What’s going on in these final week election polls?
What in blazes is going on with these swing state polls? Clinton has stabilized a narrow lead in national horserace polls after a week of uncertainty following the FBI’s discovery of emails. However, various swing state polls are still showing erratic results that are unlikely to settle down by Election Day.
The uncertainty in polls is a by-product of the way swing states have transformed the electoral system for the presidency, and now also control of the Senate. Since 1988, nine states have oscillated between the parties, are usually decided by under five percentage points, and are bellwethers that usually swing with the national result. These states are Colorado, Florida, Iowa, Nevada, New Hampshire, New Mexico, North Carolina, Ohio and Virginia. The candidates visit these states, set up voter contact operations there, and bombard these states with advertising the week before the election. The list of swing states is short and is very stable, although as I have argued elsewhere, Wisconsin, Arizona and Georgia may soon start swinging. Virginia, Ohio and New Hampshire may soon exit the swing club.
In the other 41 states, this election is basically over, and voters are reduced to anxious spectators awaiting the verdict of the undecideds in the swing states. But it wasn’t always this way. Of course the Electoral College means the election is decided in the states, but more states used be competitive. Between 1924 and 1960, only ten states were consistently uncompetitive: Arizona, Arkansas, Georgia, Kansas, Nebraska, Oklahoma, Utah, Vermont and Virginia. The 1960 election, determined by 0.2 percent nationally, had 20 competitive state elections decided by under five percentage points, with 16 blowout contests with a 10-point or more winning margin.

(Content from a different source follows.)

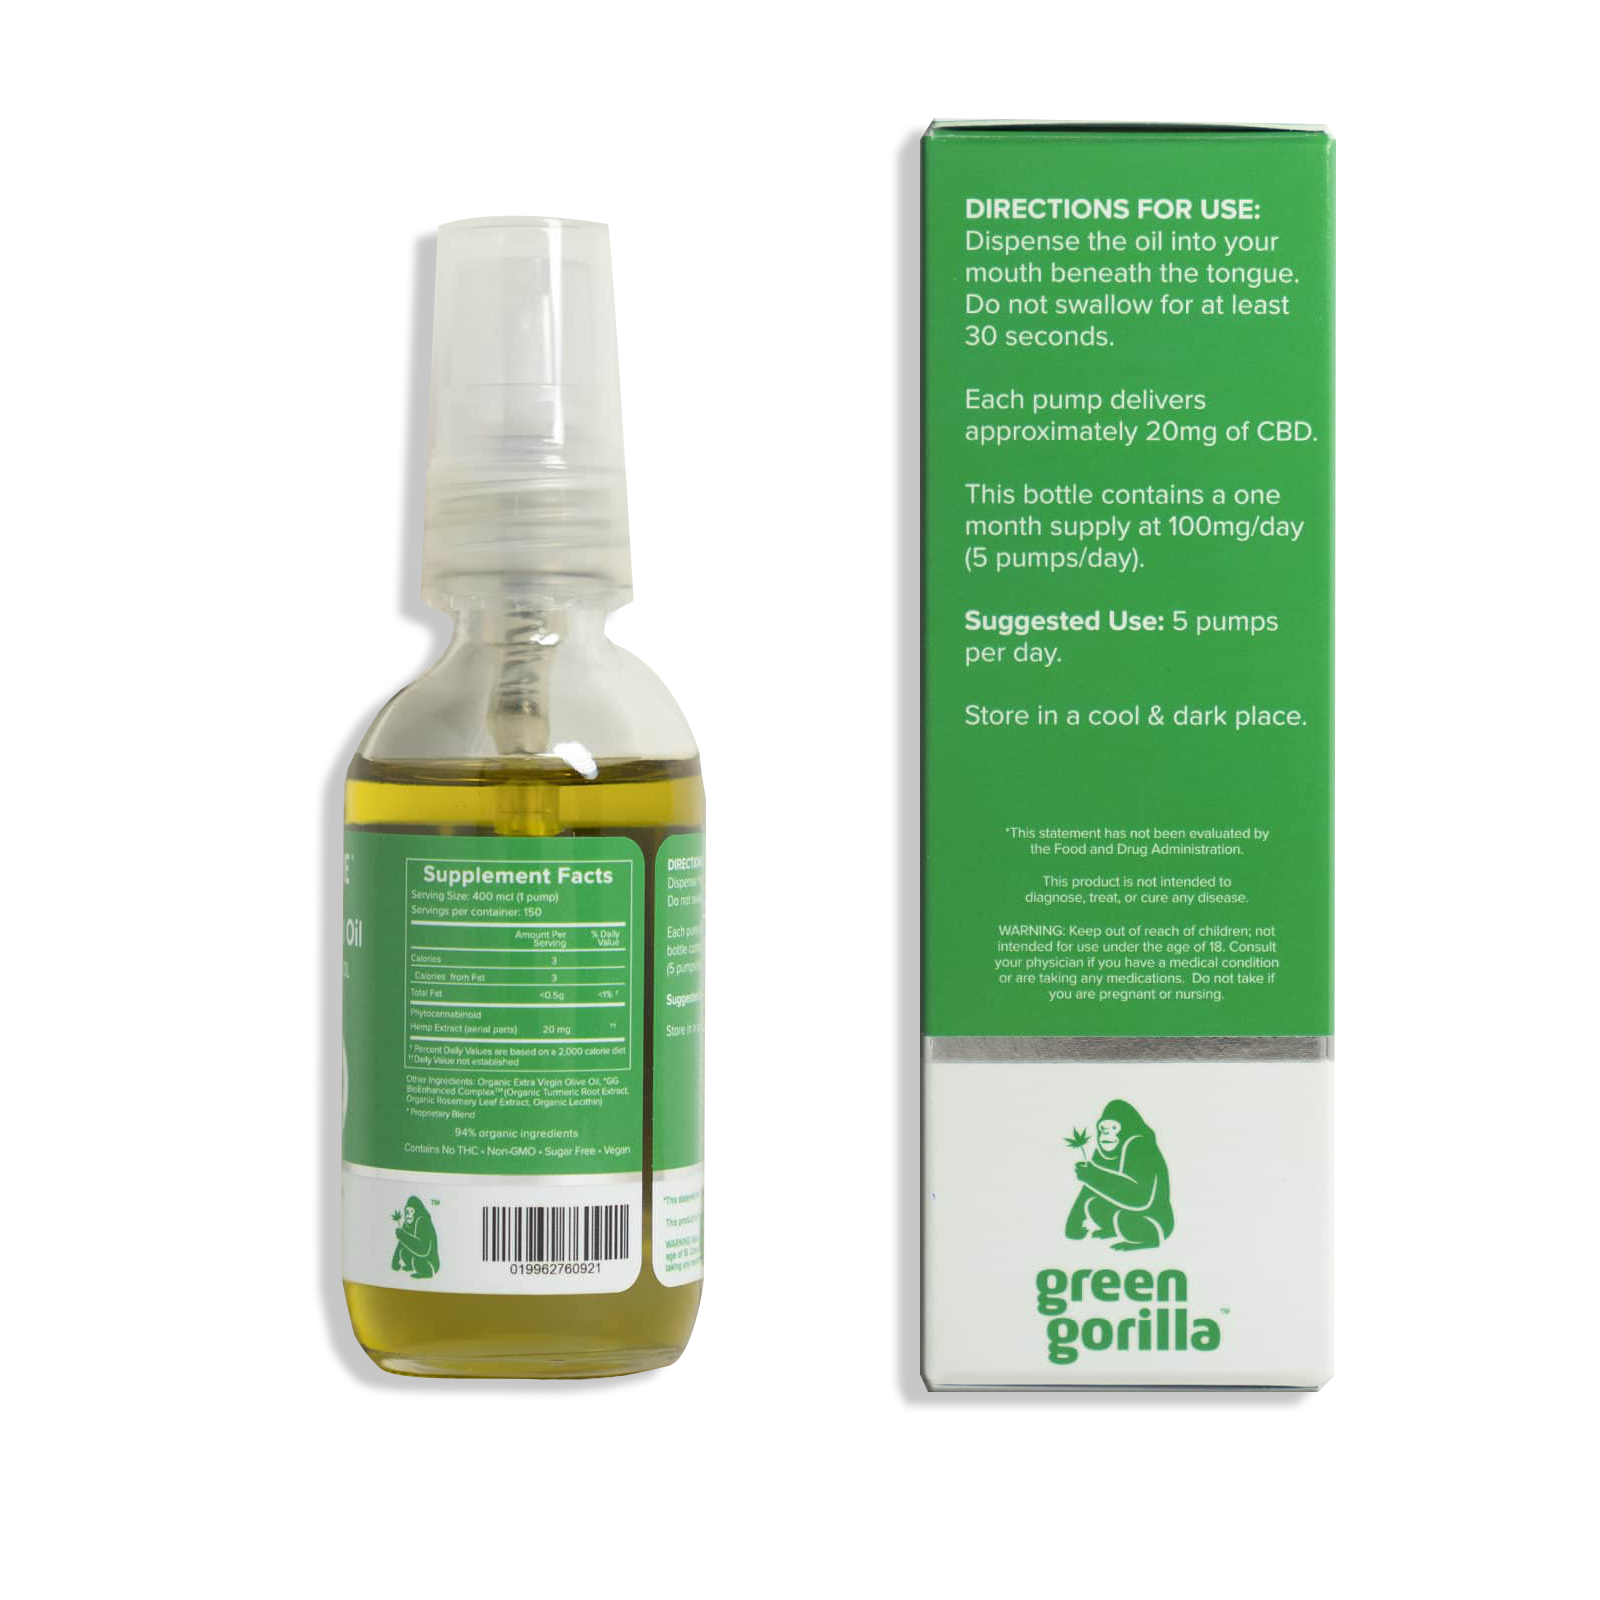 green gorilla royal cbd oil
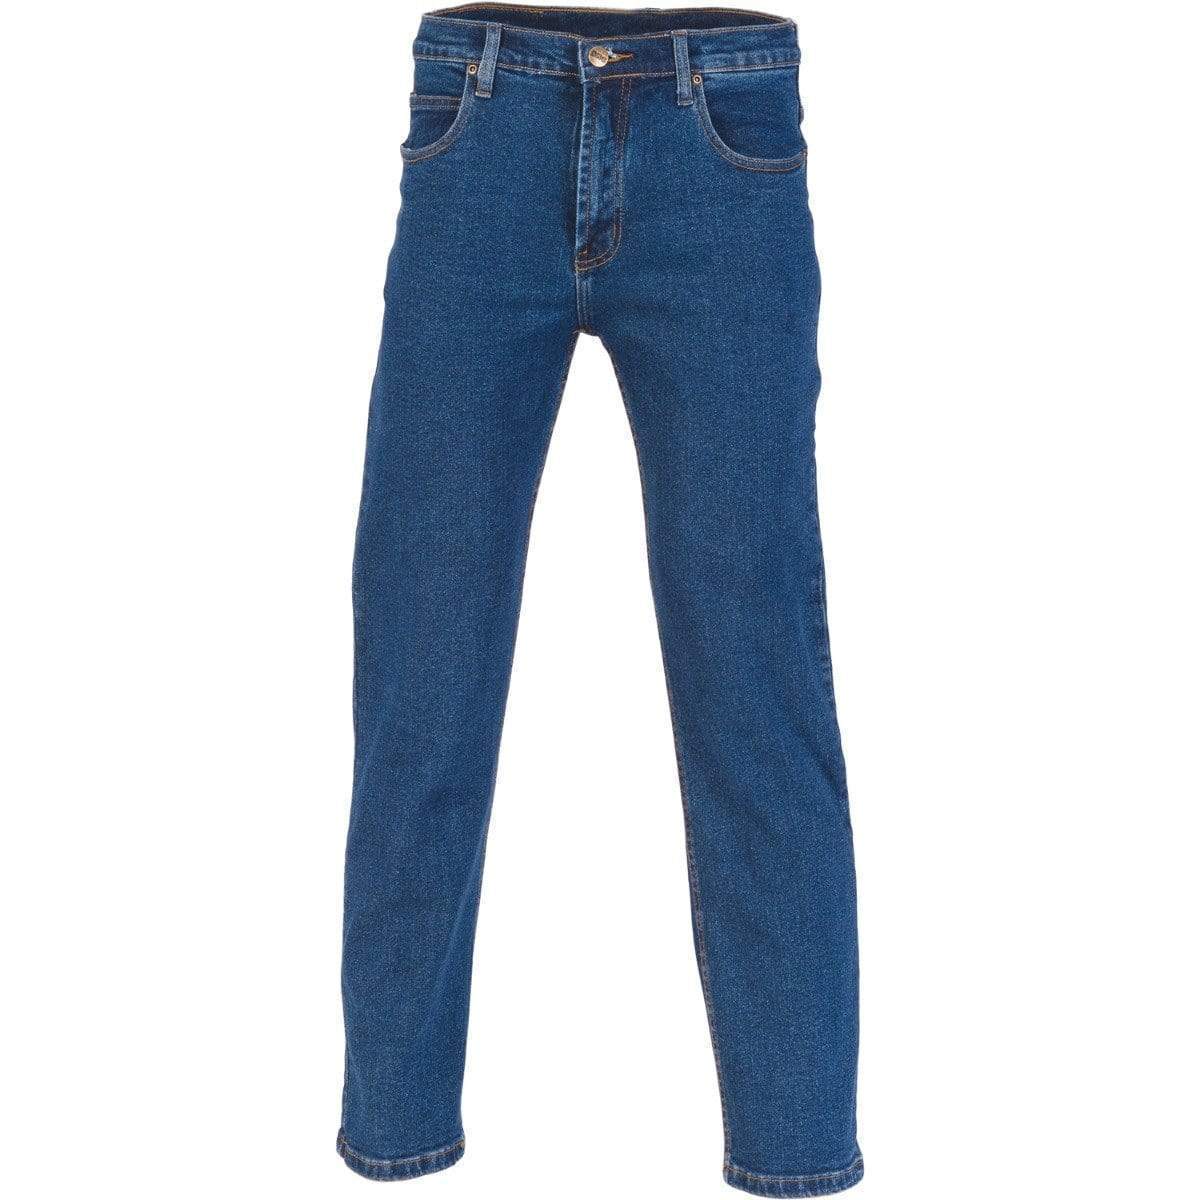 Dnc Workwear Cotton Denim Jeans - 3317 Work Wear DNC Workwear Blue 72R

We are in a new phase of American political history, where elections are decided by a dwindling number of tightly competitive swing states. In each successive close national contest since 1960, the number of truly competitive states has decreased, even in close elections.
Obama defeated McCain in 2008 by a solid 7.2 percent nationally. Yet 35 states were blowouts and only six states were closer than five percentage points. Obama won in 2012 by a tighter 3.9 percent national margin, yet there were even more blowouts – 36 in all – and only four close states.
What does this all have to do with erratic poll results in the final week of the campaign? Plenty.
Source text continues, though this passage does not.